KZN stacks the gambling chips high
Kwazulu Natal / 17 Nov '12, 6:00pm
Durban - KwaZulu-Natal is the second biggest gambling province – but while the revenue generated at the slots runs into billions, organisations that help people with gambling addictions say the industry creates serious problems.
PricewaterhouseCoopers (PwC) released their first gaming industry report titled “Betting on the future South African gaming outlook 2012-2016”, and revealed that South Africans wagered R257.6 billion on gambling in 2011, which equates to more than R8 000 a person 18 years and older.
File image. REUTERS/Daniel Munoz. Credit: REUTERS
And the gaming industry is set to reap even more rewards as PwC statistics indicate turnover is projected to rise at a 6.3 percent compound annual rate during the next five years to R349.6bn in 2016.
Most of the gambling activity occurs in Gauteng, KwaZulu-Natal and the Western Cape, which together comprised nearly 77 percent of total gross gaming revenues in 2011, said PwC in a statement.
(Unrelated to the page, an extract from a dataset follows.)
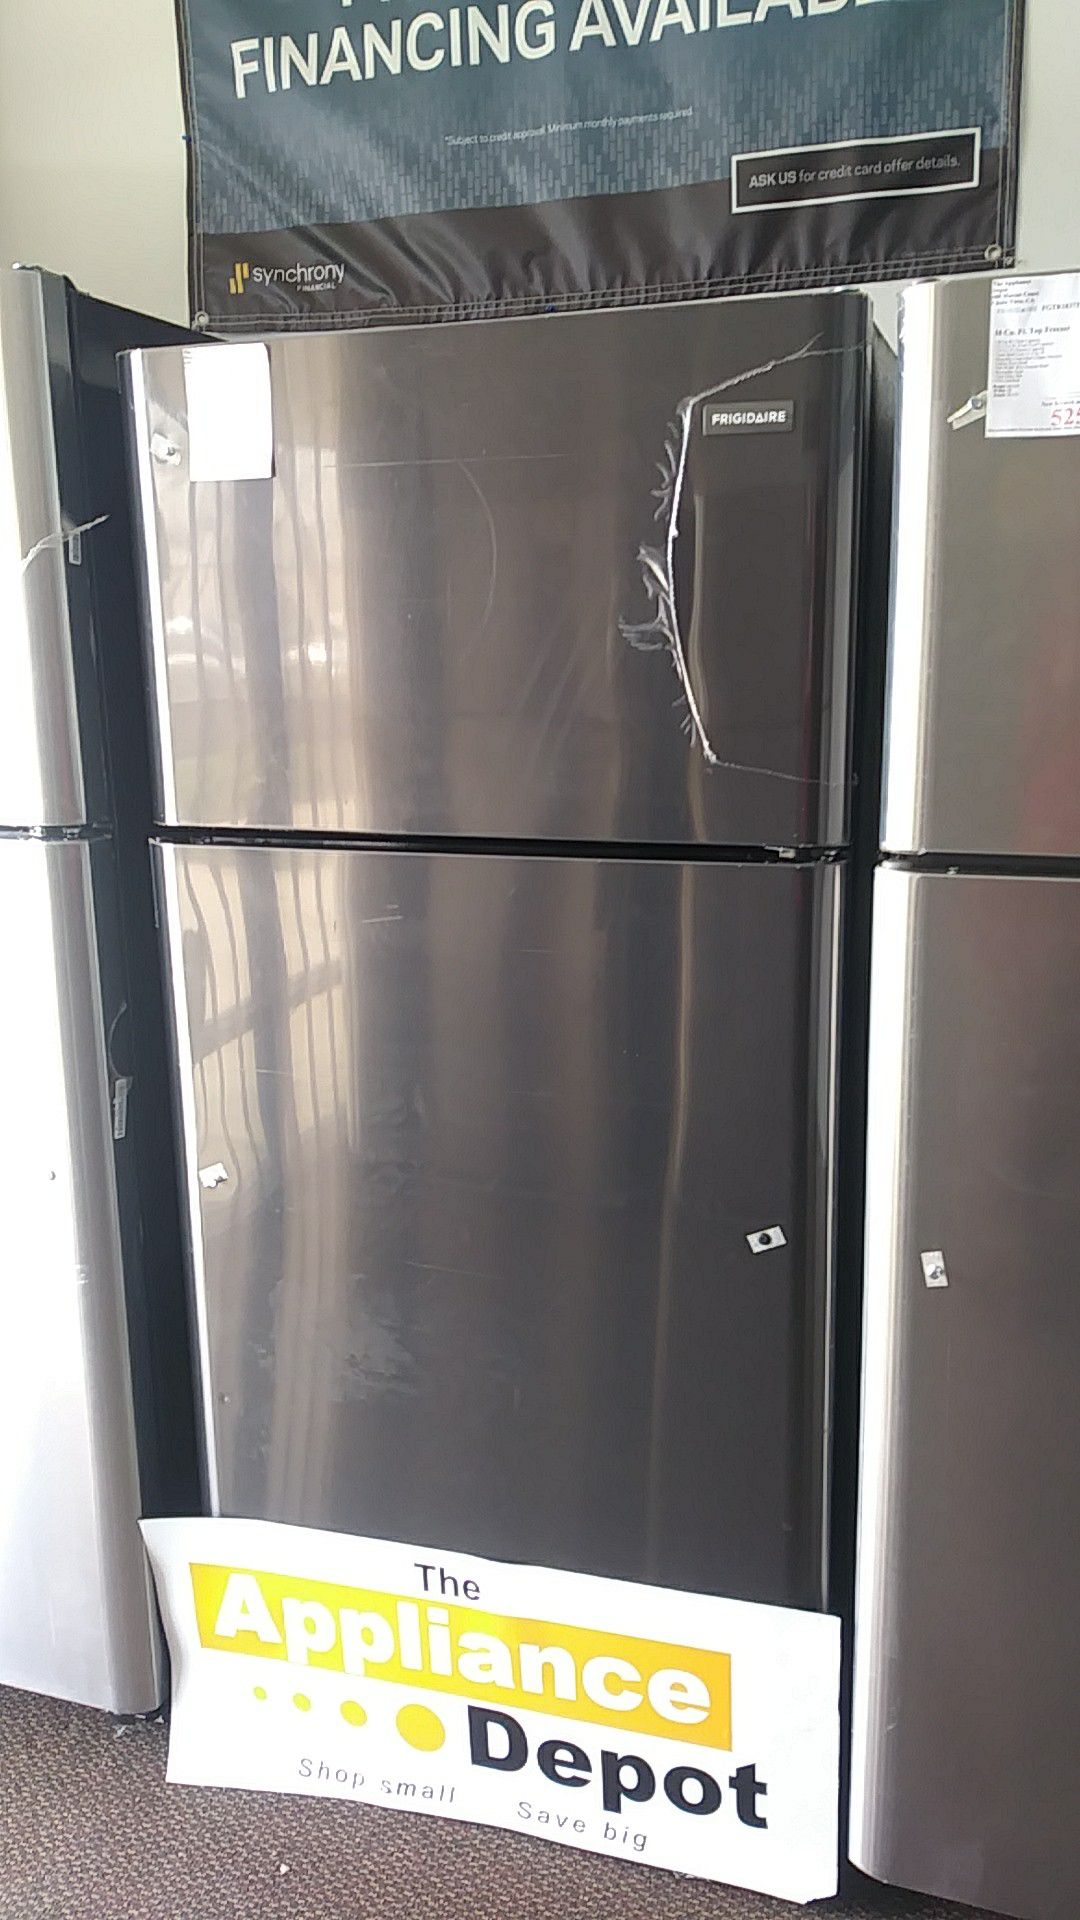 New Frigidaire Top Freezer in black stainless

Casino gaming accounts for the most at R14.9bn in gross gaming revenues [which is the amount gambled less that returned to the gambler] last year. Sports betting comes second at R2.2bn, of which horseracing earns the biggest bets at R1.675bn.
PwC’s report indicates that most of the gross gaming revenues for horseracing are generated in KZN at R648 million and Gauteng at R547 million.
Nikki Forster, PwC Gaming Industry Leader for South Africa, said: “The gaming industry is often associated with glamour, high rollers, opulent settings and the trappings of wealth. As a business, however, the margins are low, a large portion of the costs are fixed, regulatory compliance is stringent and profitability depends on volume.”
Organisations working with people who have gambling addictions said these figures represented people who in many cases had gambling problems.
Raj Govender, director of Gamhelp, an organisation that assists people with gambling addiction, said gambling had become a common pastime.
“Senior citizens make special trips to the casino, family and office functions take place near a casino, people are moving homes closer to casinos, and what we are commonly seeing now is that people don’t feel they are supporting their sports team if they don’t place a bet on their team.”
He said families were being torn apart by gambling, and recently-married couples were divorcing due to gambling.
“What we are seeing more and more is an increase in people who are addicted to sports betting, and this is worrying as this is a new trend and we need to stop it before it gets out of control,” said Govender.
The chairman of a local Gamblers Anonymous group, who cannot be named as it was policy of the organisation to keep identities anonymous, said the gaming industry was making billions from people battling to make ends meet.
“So many people are being blacklisted, and going to the casino to place bets gives them false hope that they can make it rich quick,” he said.
The South African Depression and Anxiety Group’s Dessy Tzoneva said they assisted people who were overwhelmed with financial problems. “People’s spending habits and stress and gambling problems take a toll on their mental health and this affects the entire family; if you are feeling depressed or overwhelmed you need to find help.”
The Consumer Fair’s Thami Bolani (formerly the National Consumer Forum) said: “When you go into casinos you see people are living in a pipedream that they will win, they are just ending up in more trouble.”